**TO DO:** Transcribe the listing verbatim, please, with images dropped.

**RECORDED DATA:**
BEGIN

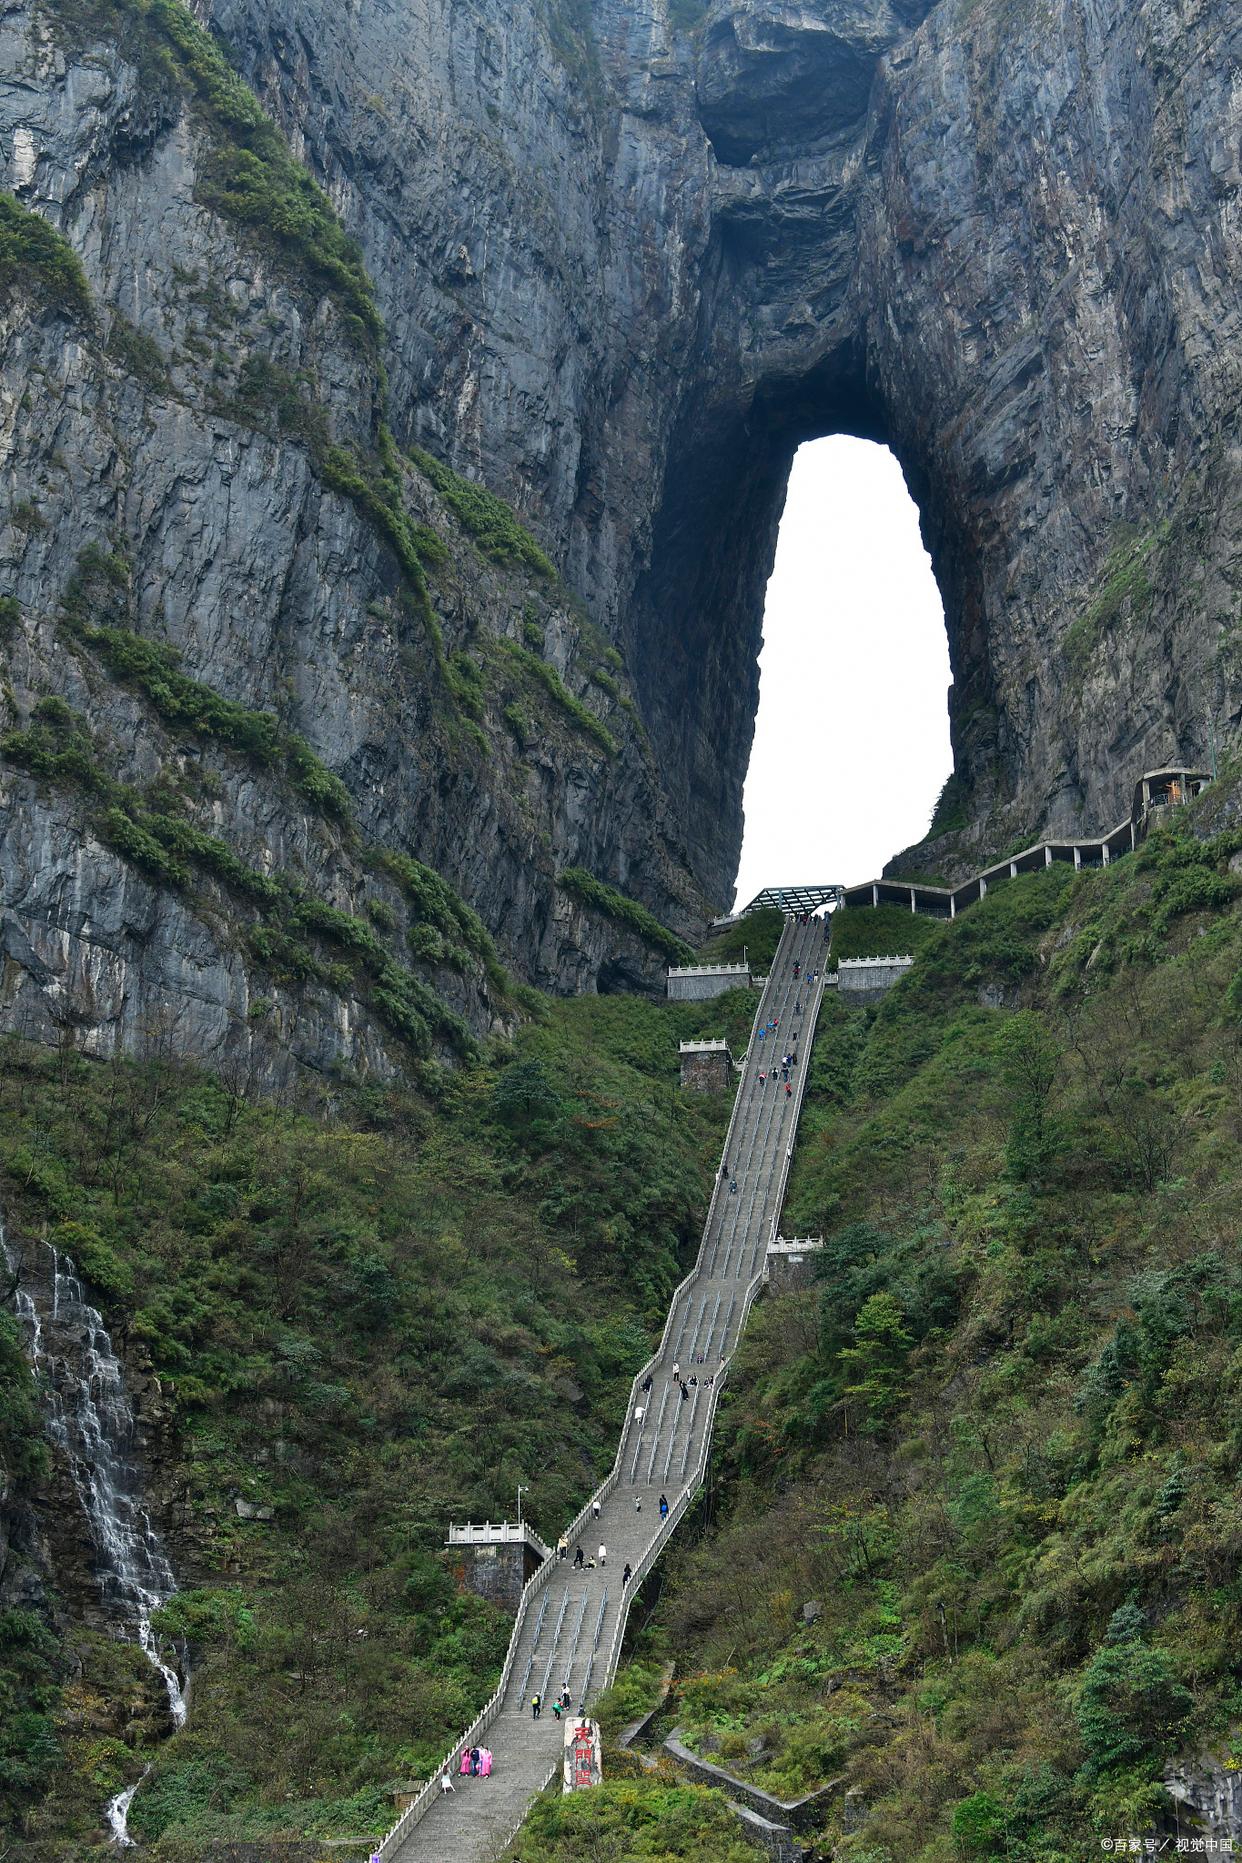 张家界的天门山天门洞，是天门山的标志性景点，也是通往仙境的神秘大门。这个天然形成的巨大石洞，高约13
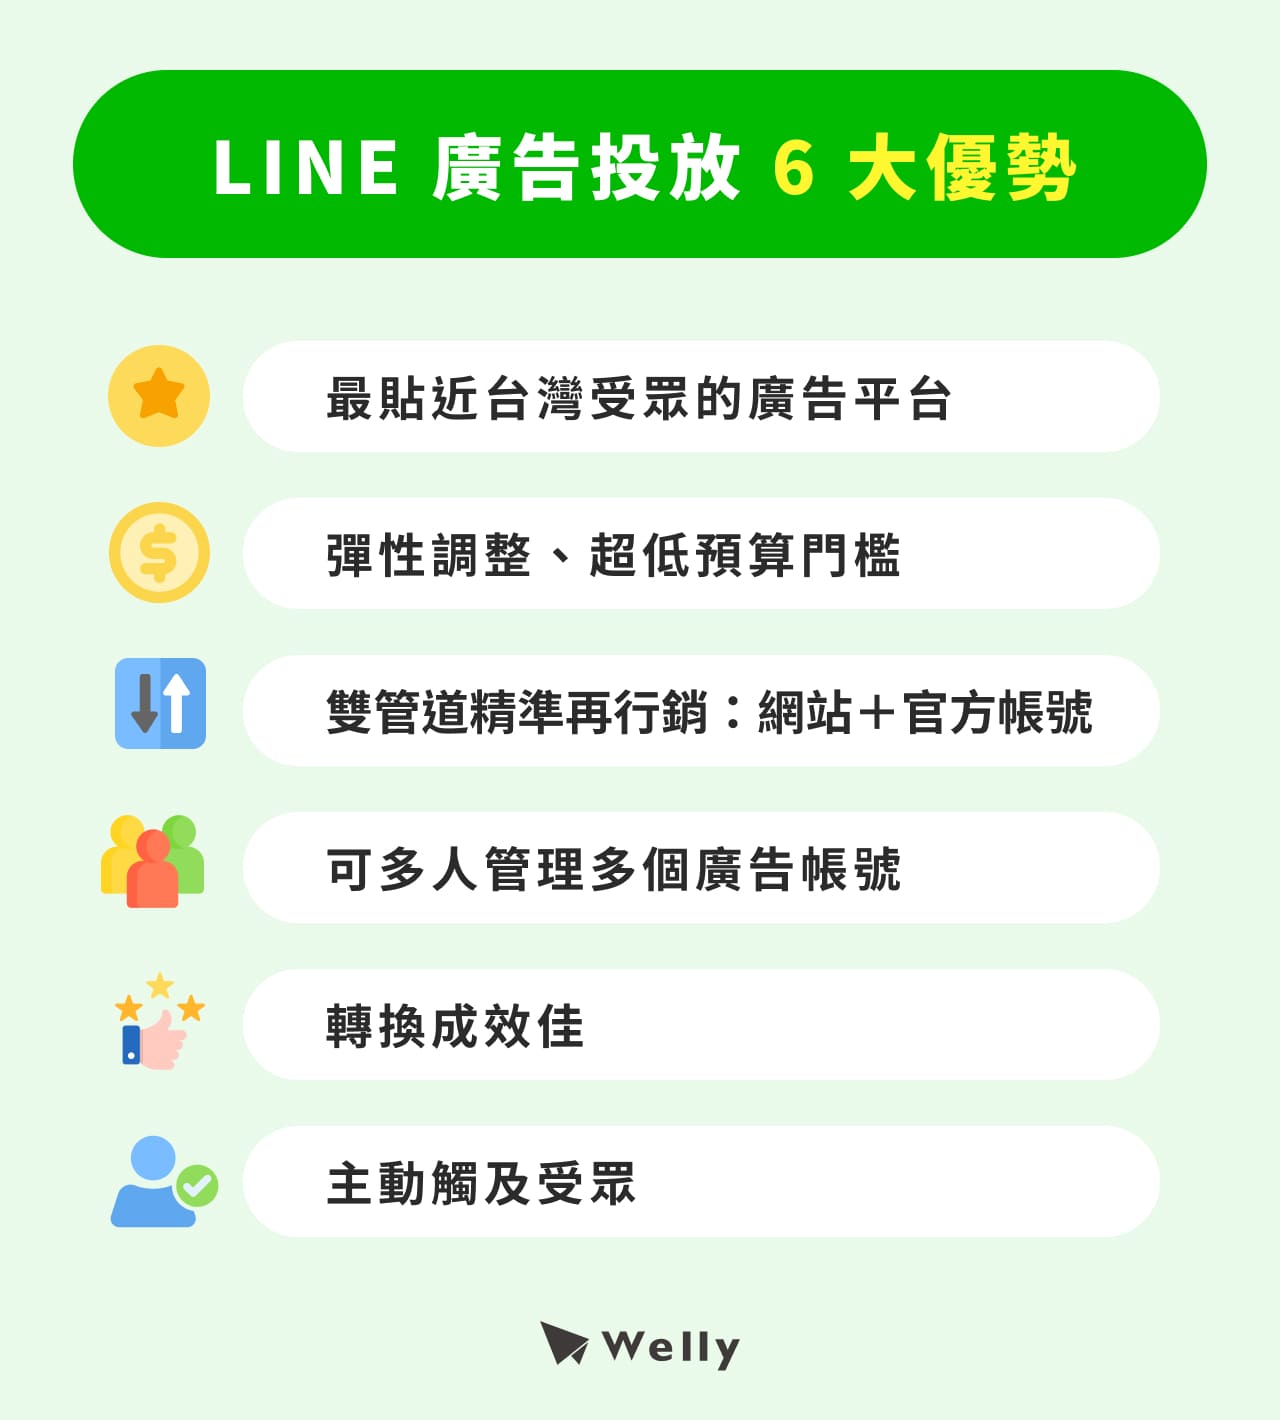 LINE 廣告投放 6 大優勢：最貼近台灣受眾生活的廣告平台、彈性調整＆超低預算門檻、雙管道精準再行銷：網站＋官方帳號、可多人管理多個廣告帳號、轉換成效佳、主動出擊
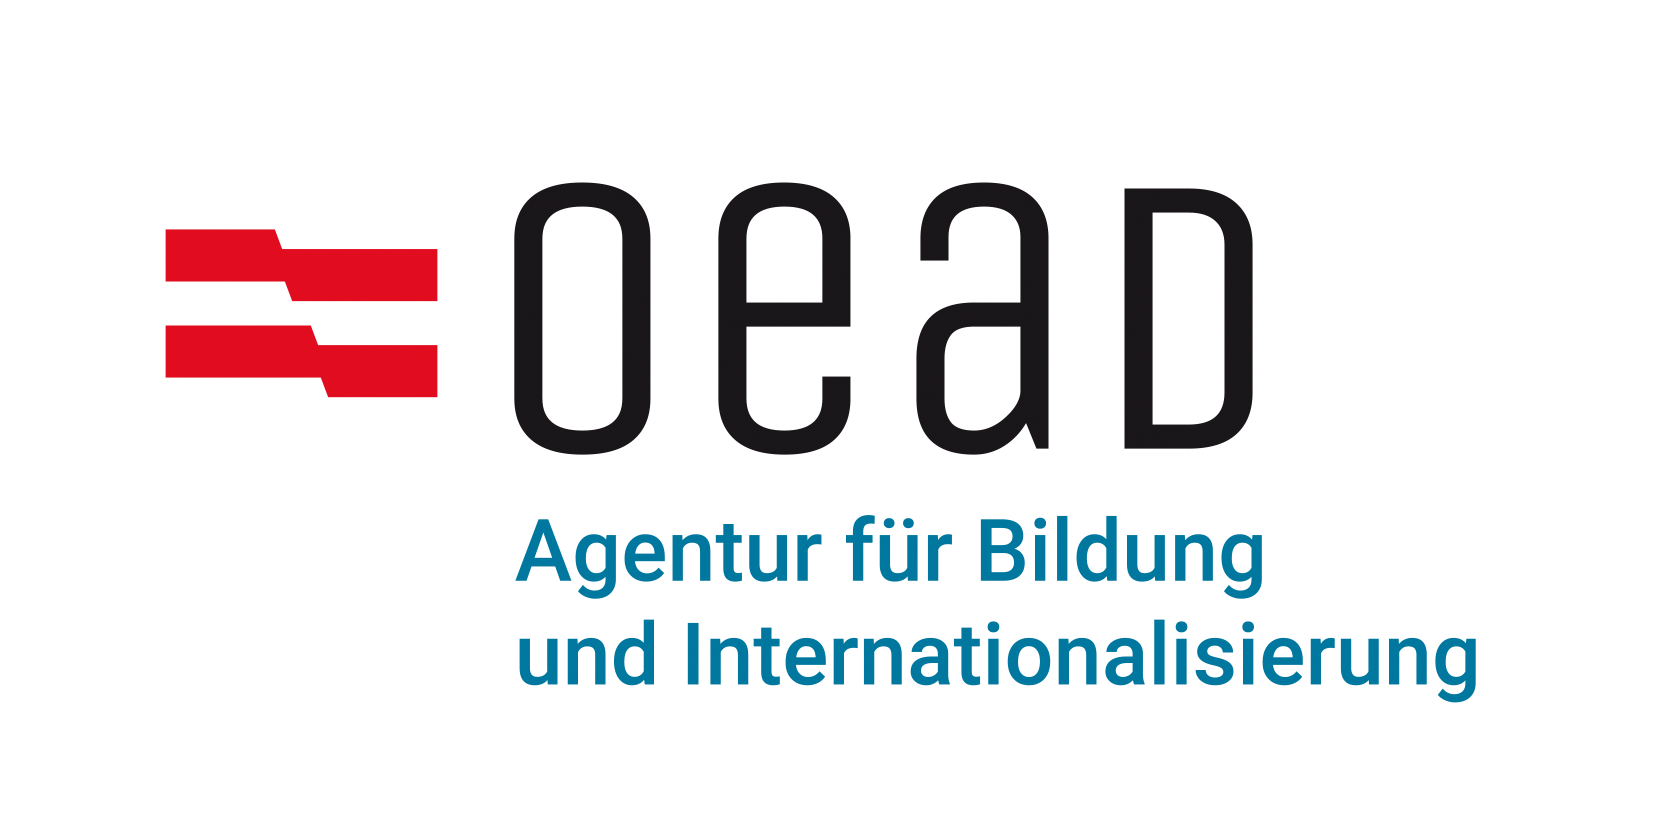 OeAD-GmbH – Agentur für Bildung und Internationalisierung

END

**TASK RESULT:**
 张家界的天门山天门洞，是天门山的标志性景点，也是通往仙境的神秘大门。这个天然形成的巨大石洞，高约13
 LINE 廣告投放 6 大優勢：最貼近台灣受眾生活的廣告平台、彈性調整＆超低預算門檻、雙管道精準再行銷：網站＋官方帳號、可多人管理多個廣告帳號、轉換成效佳、主動出擊
 OeAD-GmbH – Agentur für Bildung und Internationalisierung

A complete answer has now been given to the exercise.